Sonra kornea kültürlerini hücre kültürü kuluçka makinesine geri döndürün ve iki hafta kuluçkaya yatırın. Yaralandıktan altı saat sonra kornea epiteli yok. Yaralandıktan altı gün sonra epitel yeniden büyür.

Alfa düz kas aktin ile floresan amino boyama arka stroma ön yara marjı boyunca aktif miyofibroblastlar bir gradyan ortaya koymaktadır. Alfa düz kas aktin için immüno-histokimyasal boyama yaralı artı kontrol siRNA kornea alfa düz kas aktin protein ekspresyonunda dramatik bir artış ortaya koymaktadır. Yaralanmamış ve hedef protein siRNA ile karşılaştırıldığında tedavi, yaralı kornea.

Benzer şekilde, fibronektin ekstra etki A siRNA tedavi yaralı kornea lar yaralanmamış ve hedef protein siRNA tedavi yaralı kornea ile karşılaştırıldığında upregulated olduğunu. Hedef proteinin başarılı bir şekilde yıkılacağını gösteriyor. Ayrıca, özellikle hedef protein hedefleyen toksin ile yaralı korneaların tedavisi yeniden epitelizasyon önler ve nitel hücre ölümü ile sonuçlanır, düzensiz bir matris, ve stromal vacuoles toksin konsantrasyonu tahlili iyileşme teşvik etmez düşündürmektedir.

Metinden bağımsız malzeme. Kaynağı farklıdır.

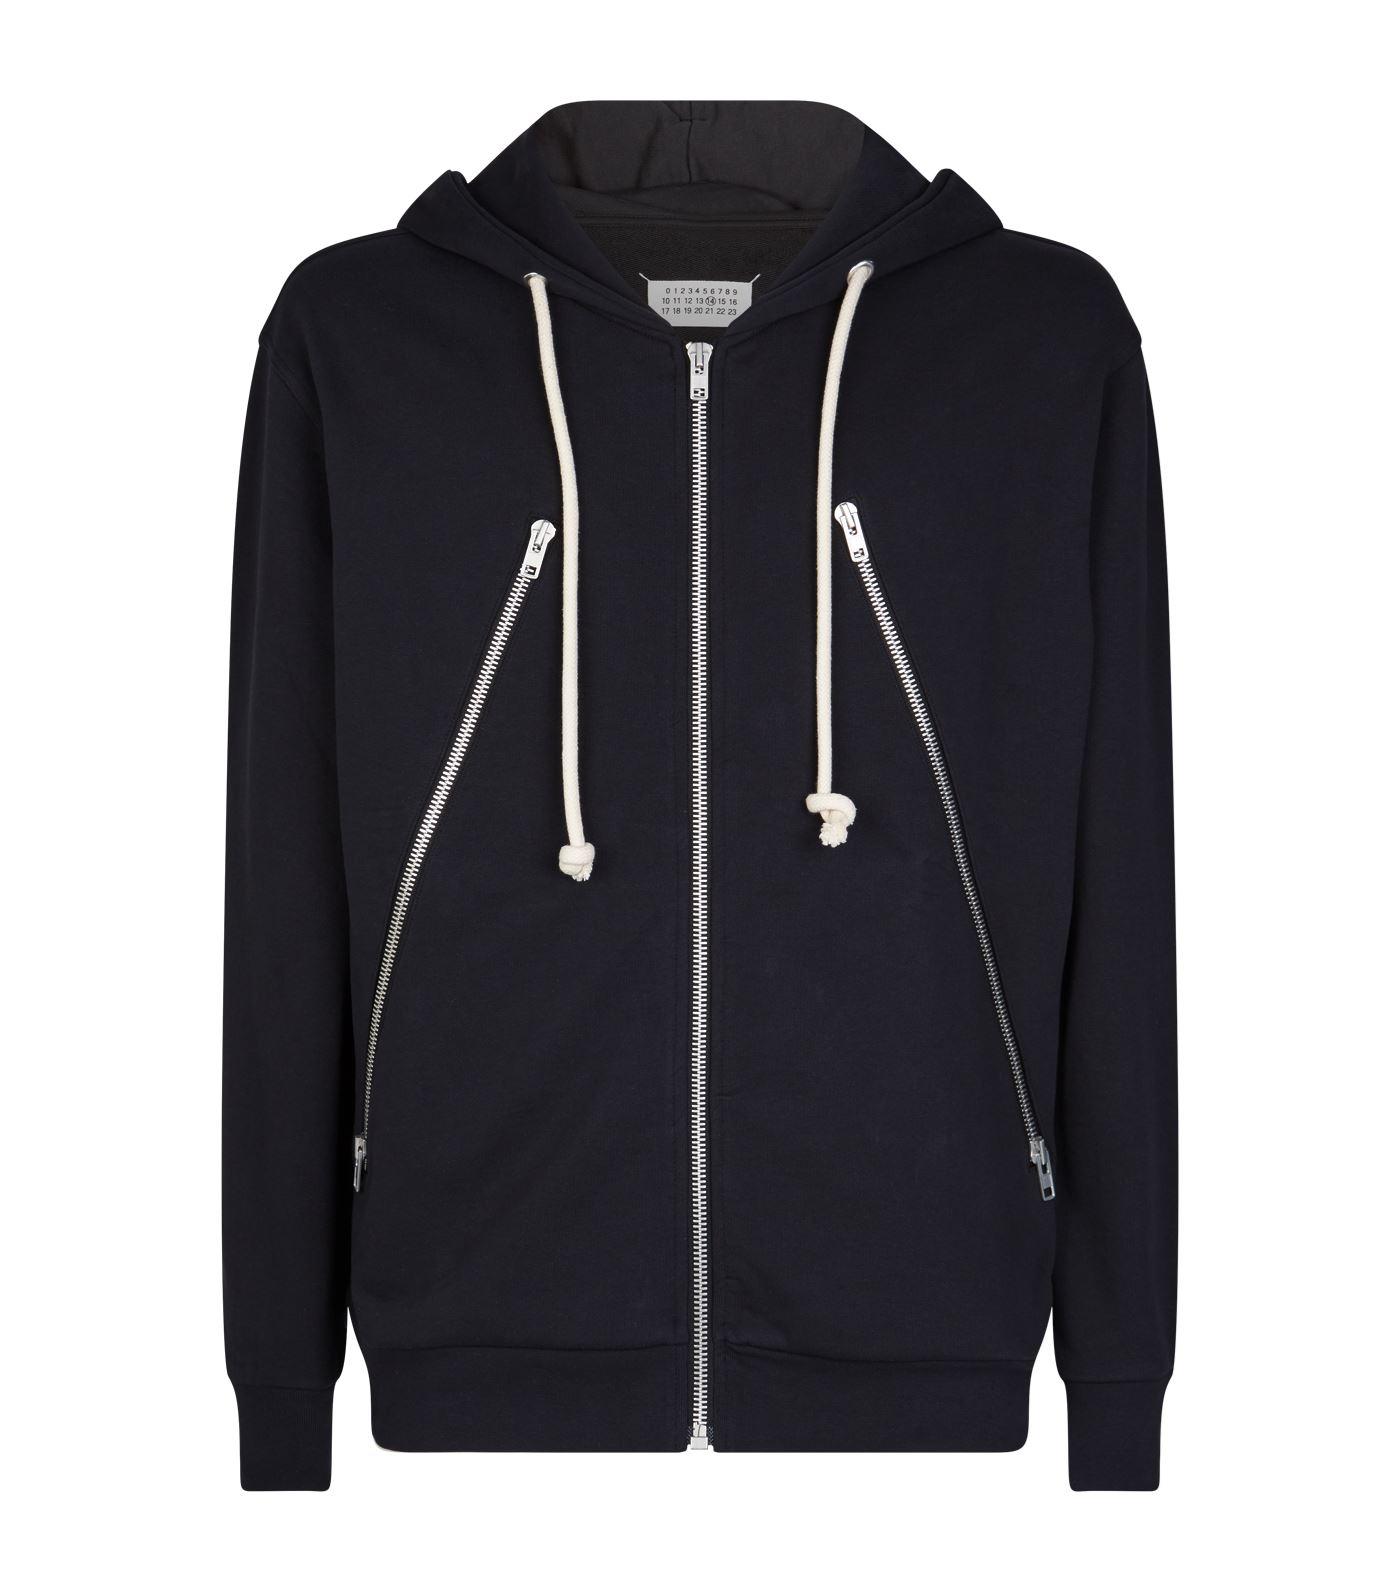 Maison Margiela Zipped Hoodie in Black for Men - Save 66% - Lyst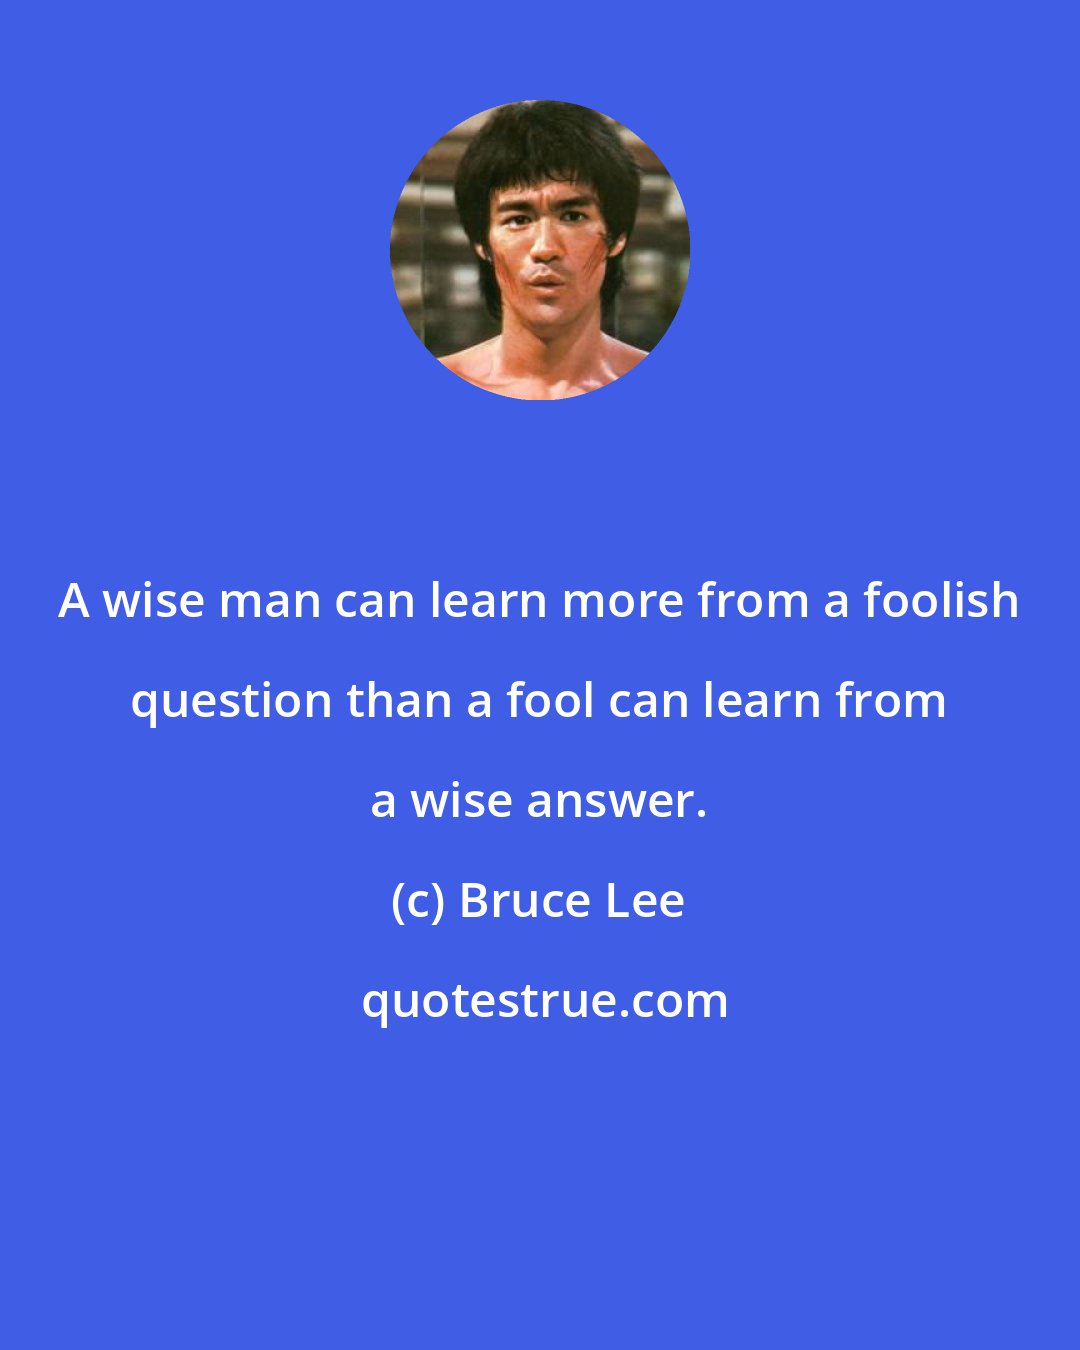 Bruce Lee: A wise man can learn more from a foolish question than a fool can learn from a wise answer.

Sonuç olarak, bu işlemi denerken bıçağı keserken dokuya paralel tutmayı unutmamak önemlidir, böylece küreye nüfuz etmez. Kimyasal yanık veya epitel kazıma dahil olmak üzere bu titretile farklı yaralama teknikleri kullanılabilir. Ayrıca epitel iyileşir ve ne oranda belirlemek için ilaç toksisite tahlilleri için kullanılabilir.

Bu bir maliyet tasarrufu ex vivo, in vivo yara iyileşme çalışmaları öncesinde olabilir organ kültürü model sistemidir.